Stop me if I'm wrong, but doesn't every trade deadline season proceed in more or less the same way? There's always the rumblings, early on, that this year is somehow different from every other. Which it isn't. Then there's some wild speculation about some guys who obviously aren't going anywhere written just because we kind of expect such behavior from baseball writers. A few incredibly unexciting middle relief and prospect-for-prospect deals go down. Then, without fail, the articles about how nobody interesting will get traded start. Then the next day guys start moving.
It is funny that after weeks of speculation about Alfonso Soriano a Carlos Lee deal takes place with little to no preface. The Brewers sure didn't get very much for El Caballo, which must be supremely disheartening to the Nationals brass. Rent-a-player or not, Lee will make a big difference in the Metroplex for the Rangers and I'm surprised that not a single high-profile prospect type went Milwaukee's way in this trade. What happened to those DVD guys I have heard so much about? Did the Brewers decide to wait for the Blu-Ray format?

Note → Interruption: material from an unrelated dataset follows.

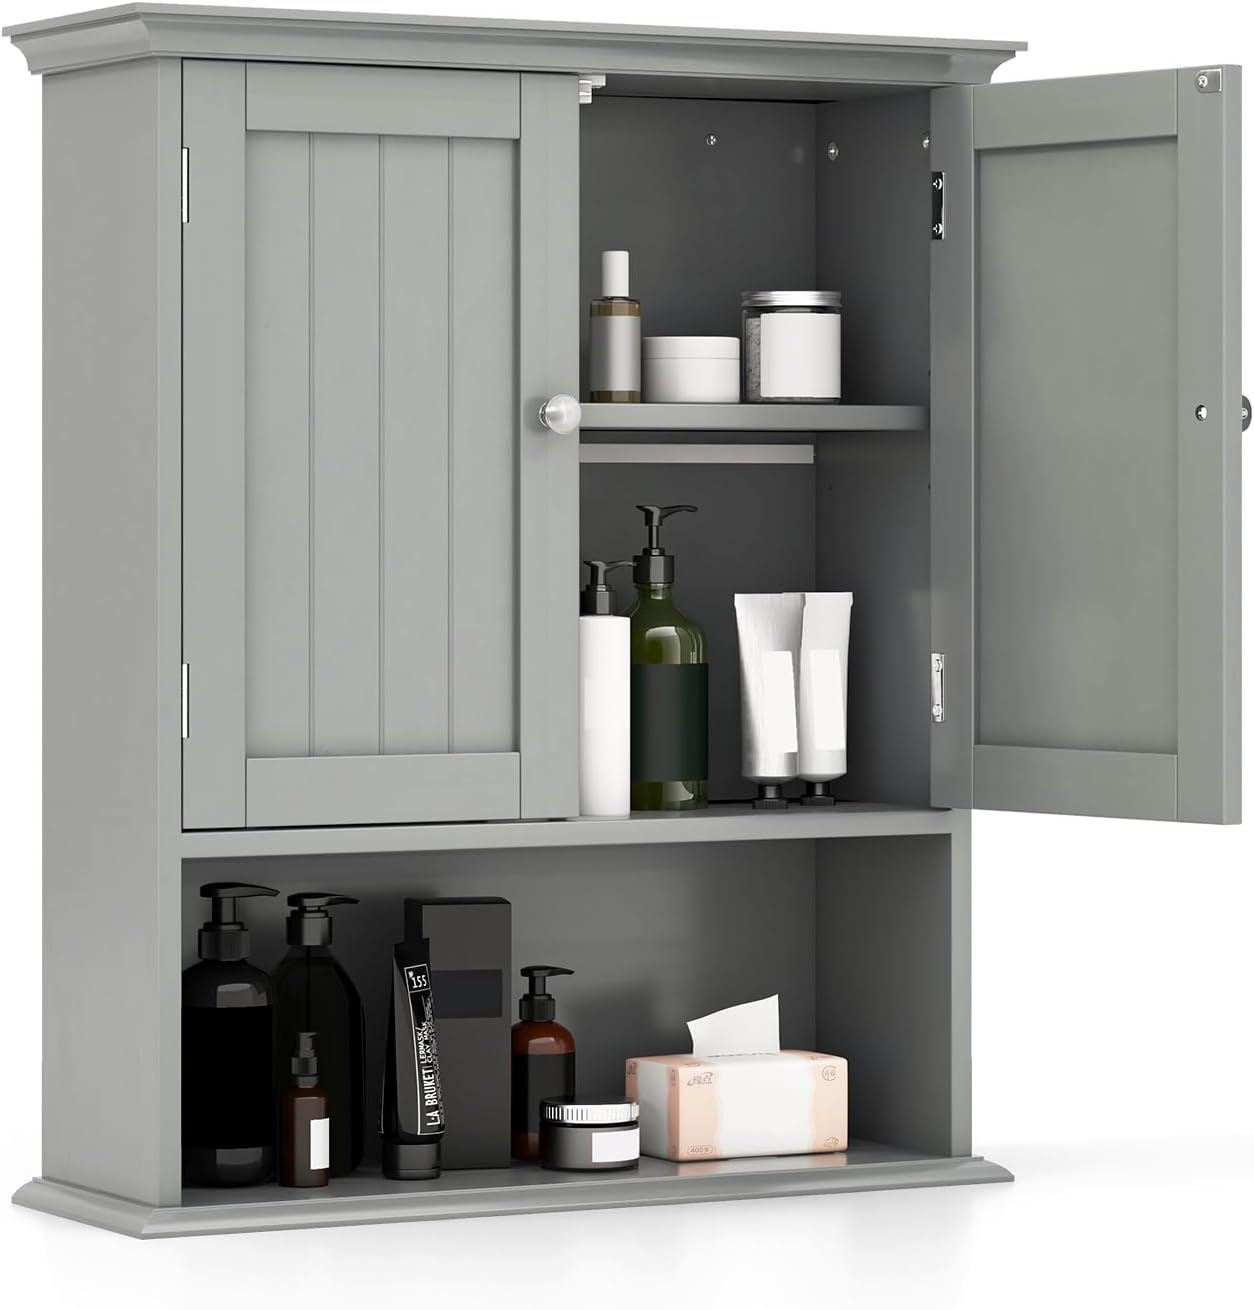 Wall Mounted Medicine Storage Cabinet Bathroom Organizer Cupboard

So if the Brewers are sellers, that means they're not in the market for the apparently available Greg Maddux, right? So where will he go? It seems to be that absent the family connection in Milwaukee the teams near his home in Vegas all eliminate themselves somehow. The Diamondbacks are not going to deal any of their young dudes. The Dodgers have played their way out of it these last few weeks, and I suspect Ned Colletti is smart enough to see as many have that Maddux is on his last legs. The Angels don't need pitching. San Diego maybe? What have they got that the Cubs would want? As a Rockies fan I have no problem with the other teams in the division giving away bits of their future for incremental advance this season. The closer we get to zero hour, the more this trade deadline looks a lot like all of the other ones -- the real winners are the teams that just give the whole thing a pass.